I took the plunge, though I wouldn't suggest anyone do so without doing extensive research about the company and device, as well as about the doctor and hospital where the surgery will take place.
A new medical device and healthcare economy will demand that customers, the people formerly known as patients, will be able to research technologies, companies and doctors. That also means that technologies, companies and doctors will have the opportunity to develop brands that command premium fees. Ultimately, this will change the way insurers compensate the insured, because it is conceivable that other factors than what your doctor says is needed will come into play. The trading of access to one's body (or information about our bodies) for access to new technology, for instance, could offset some of the cost of a procedure, a factor that should impact the payment by an insurer dramatically in many cases.
Speaking for myself, I am sold on the value of participating in a trial based on extensive disclosure of information. The surgery I had would normally cost about $75,000, according to HealthGrades.com. Since I had two discs replaced, the cost of just the devices was between $10K and $14K, and there were other features of the operating room and hospital that would have cost me $100,000 if I'd paid for this procedure on my own, which was my only option if I wanted to avoid having my neck fused.

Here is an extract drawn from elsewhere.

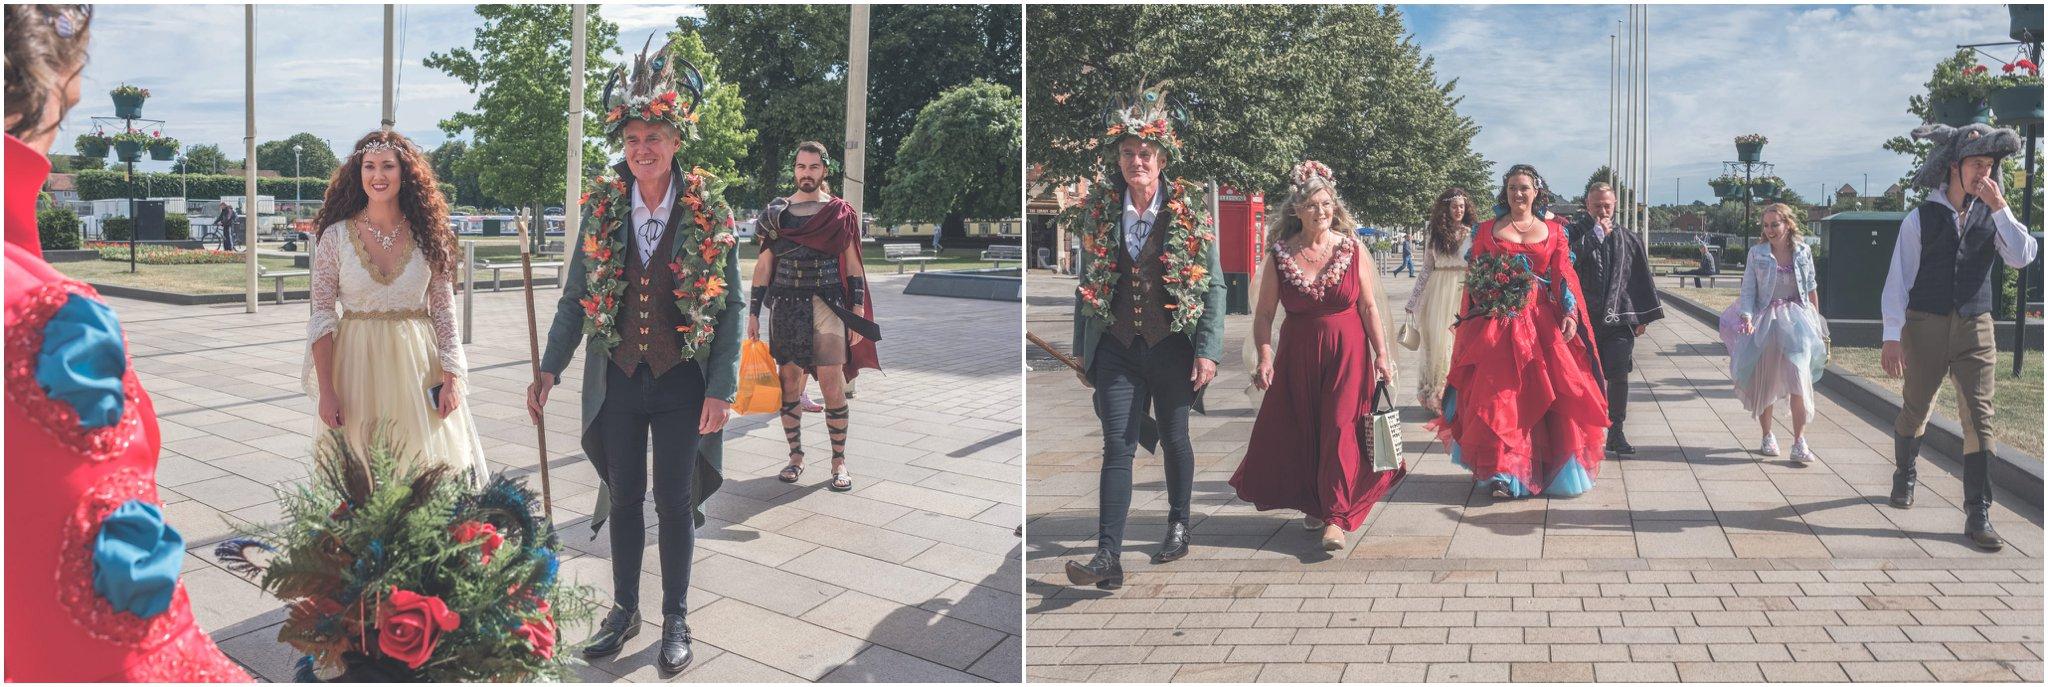 Stratford-Upon-Avon-Wedding - Robin Ball Photography-12.jpg

Best of all, I woke up without the pain I'd had for years. (Check out this animation of the procedure, which doesn't show the person whose job it was to hold my esophagus out of the way for a couple hours—I felt like I should tip this guy.) The extreme pain of recent months was gone when I woke in the recovery room, and numbness in my left arm and fingers has been abating consistently since the surgery. I lost only two tablespoons of blood in a two-and-a-half hour surgery and walked out of the hospital, without any need for a cervical collar, only two days later to fly home to Seattle. It is an incredible outcome, one for which I will be eternally grateful.
Now, if we can only figure out how to make this kind of outcome more easy to discover and pay for. That's a battle for after I finish my recovery. For now, I am happy to have my life back.